In that sprit I'd encourage people to share how they're getting on using the official Common Voice data splits. I'll start:

Finetuning English --> Luganda Quartznet 5x15: ~0.4 WER on dev set.

Finetuning English --> Kinyarwanda Quartznet 5x15: ~0.35 WER on dev set.

Code:

import pandas as pd
import numpy as np
import librosa
from sklearn import neighbors
from multiprocessing import Pool
import warnings
import os
import tqdm.notebook as tqdm
import glob
import unidecode

def feature_extractor(file):
    warnings.filterwarnings('ignore')
    x, fs = librosa.load(file)
    feat =  librosa.feature.mfcc(x)
    warnings.filterwarnings("default")
    return np.concatenate((feat.mean(axis=1), feat.min(axis=1), feat.max(axis=1), feat.std(axis=1)))

def normalize_str(txt):
    invalids = set()
    # vocabulary
    valid_chars = (" ", "a", "b", "c", "d", "e", "f", "g", "h", "i", "j", "k", "l", "m",
                   "n", "o", "p", "q", "r", "s", "t", "u", "v", "w", "x", "y", "z", "'") # New valid characters 
    # lowercase
    new_txt = txt.lower().strip()
    # remove characters not in vocabulary
    res_arr = []
    for c in new_txt:
        if c in valid_chars:
            res_arr.append(c)
        else:
            #remove accent and see if it is valid
            non_accent_c = unidecode.unidecode(c)
            if non_accent_c in valid_chars:
                res_arr.append(non_accent_c)
            else:
                # a character we don't know
                invalids.update(c)
                res_arr.append(' ')
    res = ''.join(res_arr).strip()
    return ' '.join(res.split())

datasetdir = "/data/CV_unpacked/cv-corpus-7.0-2021-07-21/lg"

df = pd.read_csv(f'{datasetdir}/validated.tsv', delimiter="\t")

X = [feature_extractor(f"{datasetdir}/clips/{_.path}") for i,_ in tqdm.tqdm(df.iterrows())]

#That took a while, so save for later.
np.save("feats", X)

X = np.load("feats.npy")

# Assign a unique number to each utterance and create lookup.
y = df.index
labels = [normalize_str(_) for _ in df.sentence]

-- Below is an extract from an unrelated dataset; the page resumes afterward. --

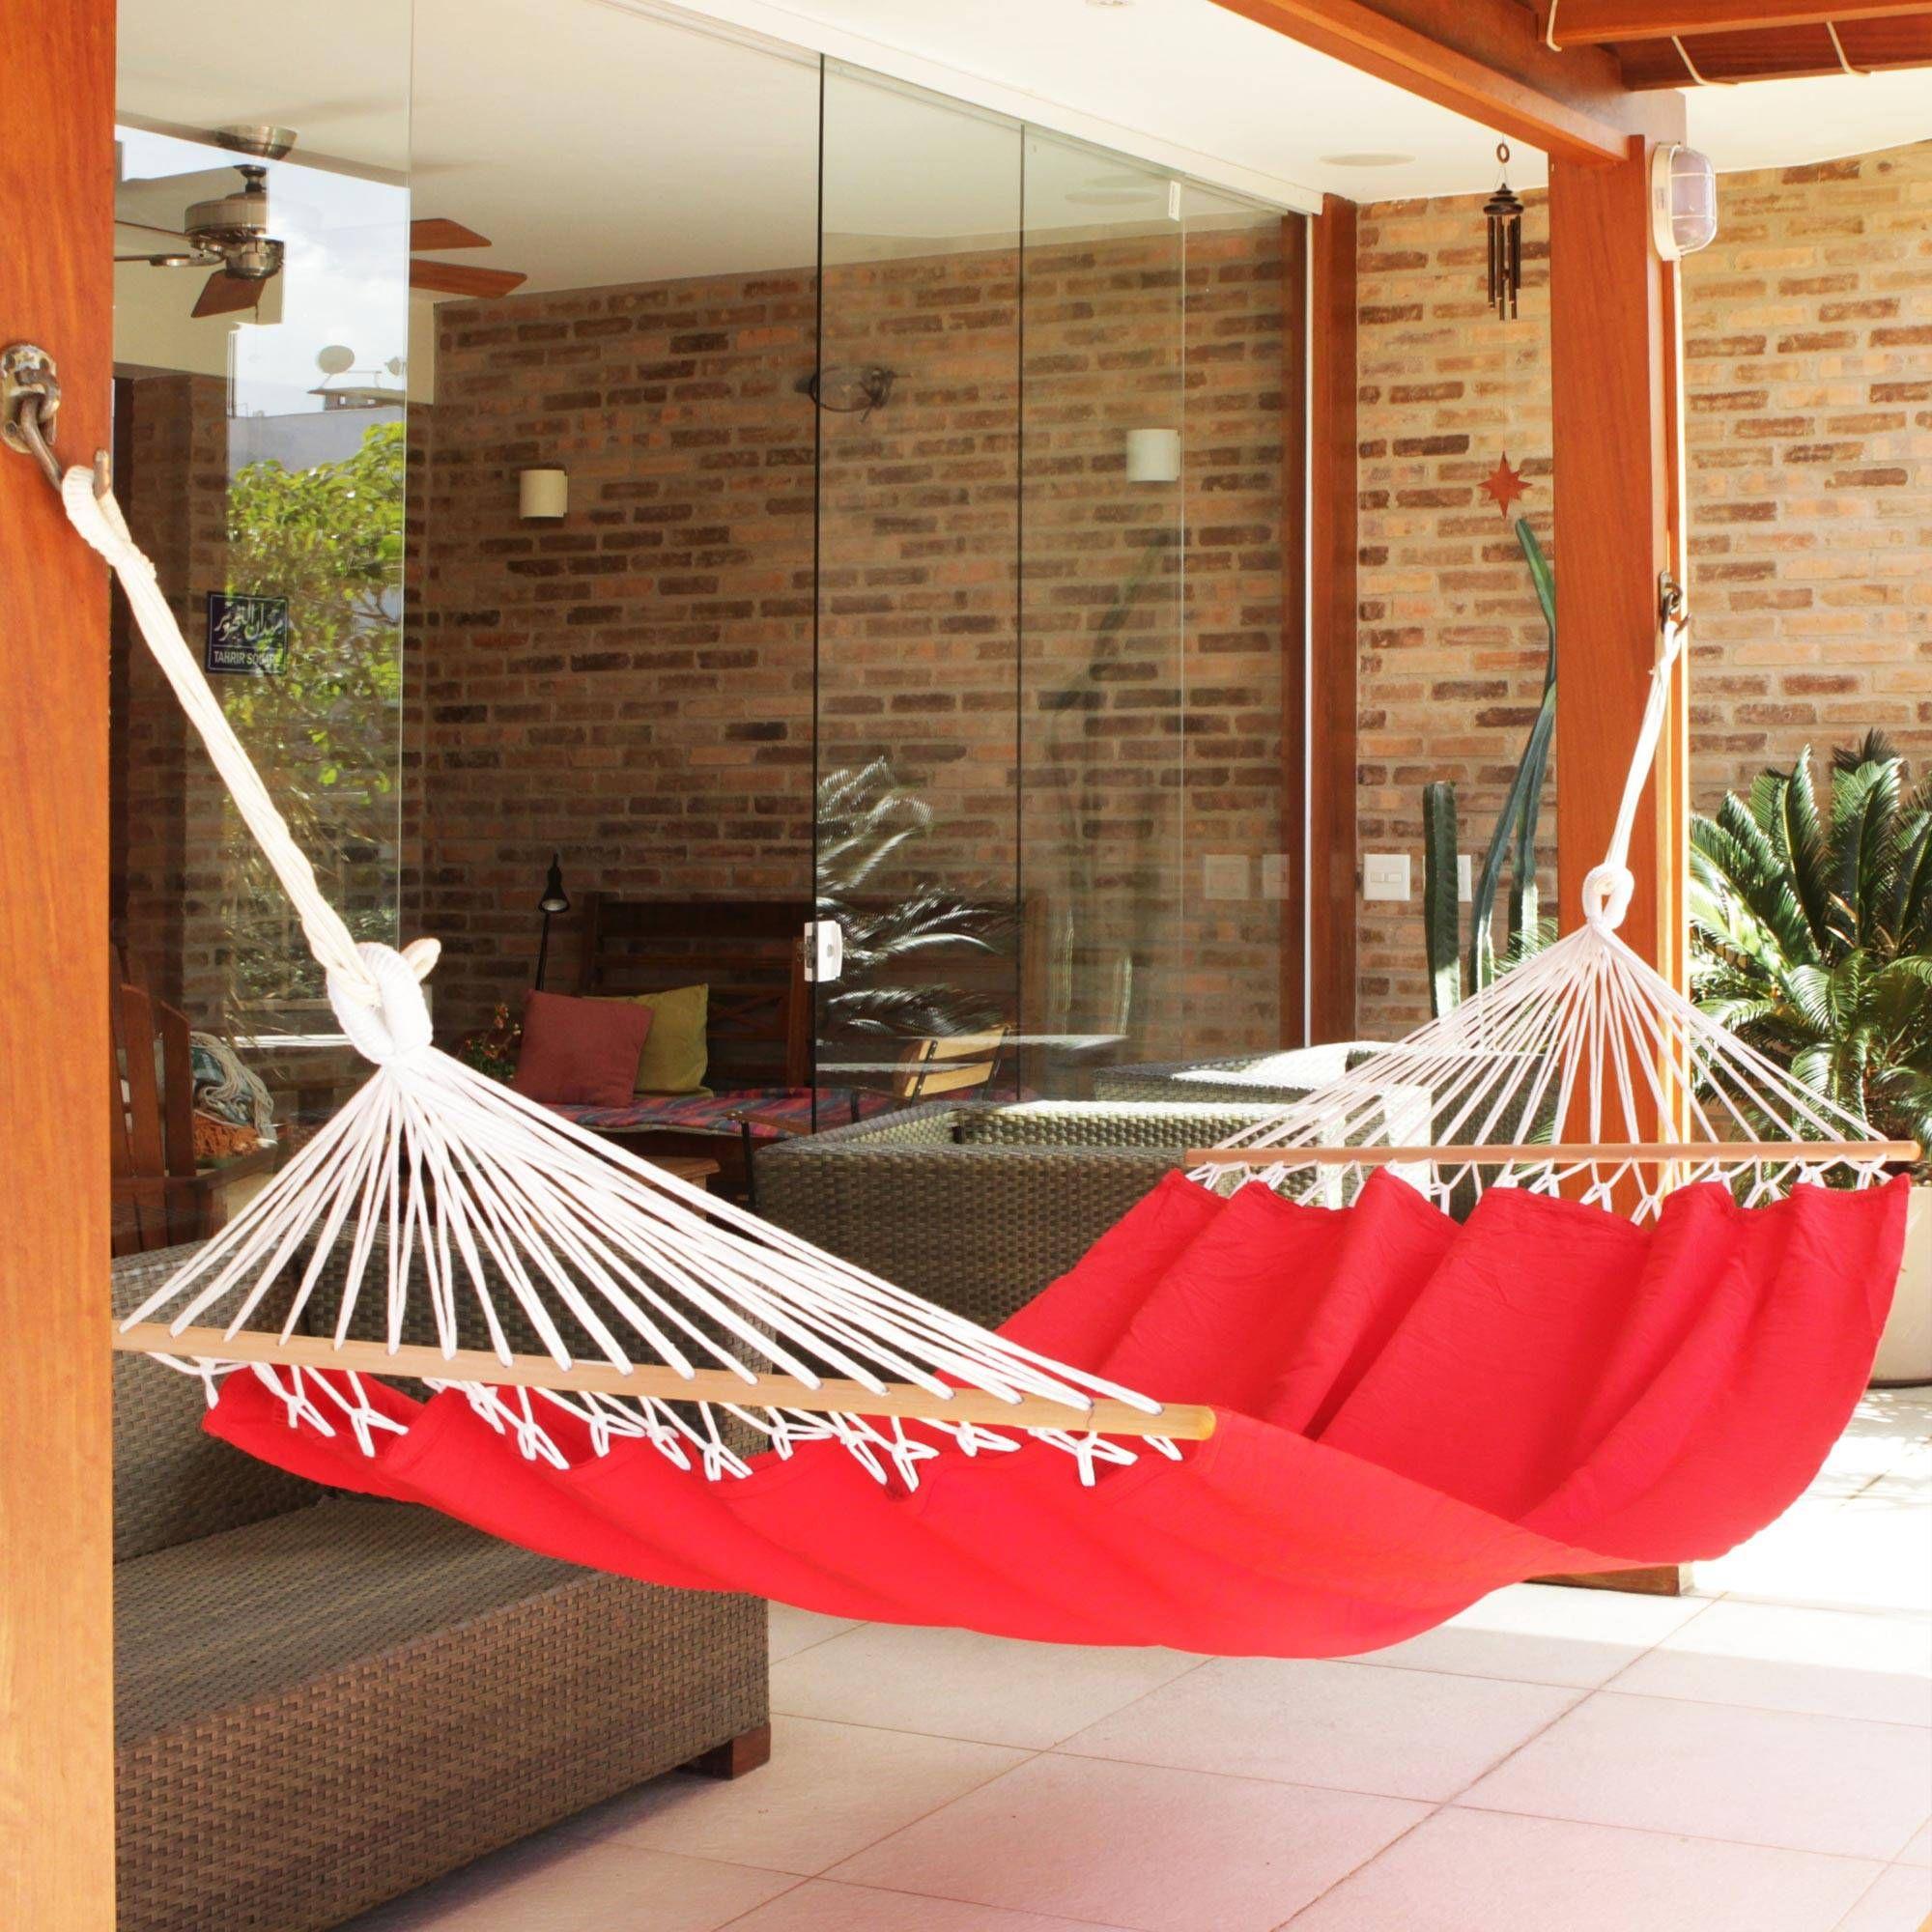 Single bar hammock

clf = neighbors.KNeighborsClassifier(n_neighbors=1, leaf_size=100)
clf.fit(X, y)

# Generate test predictions
testdir = "/data/test_audio/test_audio"
testfiles = glob.glob(f"{testdir}/*.mp3")
testfeats = [feature_extractor(_) for _ in tqdm.tqdm(testfiles)]

testpreds = clf.predict(testfeats)
testtrans = [labels[_].replace("'","") for _ in testpreds]

with open("predictions.csv", "w") as f:
    f.write("Clip_ID,Target\n")
    for file, transcription in zip(testfiles,testtrans):
        ID = os.path.split(os.path.splitext(file)[0])[1]
        f.write(f"{ID},{transcription}\n")

Discussion 3 answers

Thanks for your code. I don't have much experience in word processing and I used your code as an initial test and study version. But I made a submission... @Zindi, how can I delete a submission?

22 Dec 2021, 22:18
Upvotes 0

I can't comment about removing, but if you sumbit a dummy file with incorrect transcripts you can select it as your leaderboard entry.

For a better place to start check out Deepspeech, Huggingface speech to text, Kaldi, and Nvidia's Nemo packages. My code was just to demonstrate that we can get ~0 WER by training with all of the Commonvoice data.

Thanks for the suggestion. I thought that 'selecting it as your leaderboard entry' only worked in the final submission phase.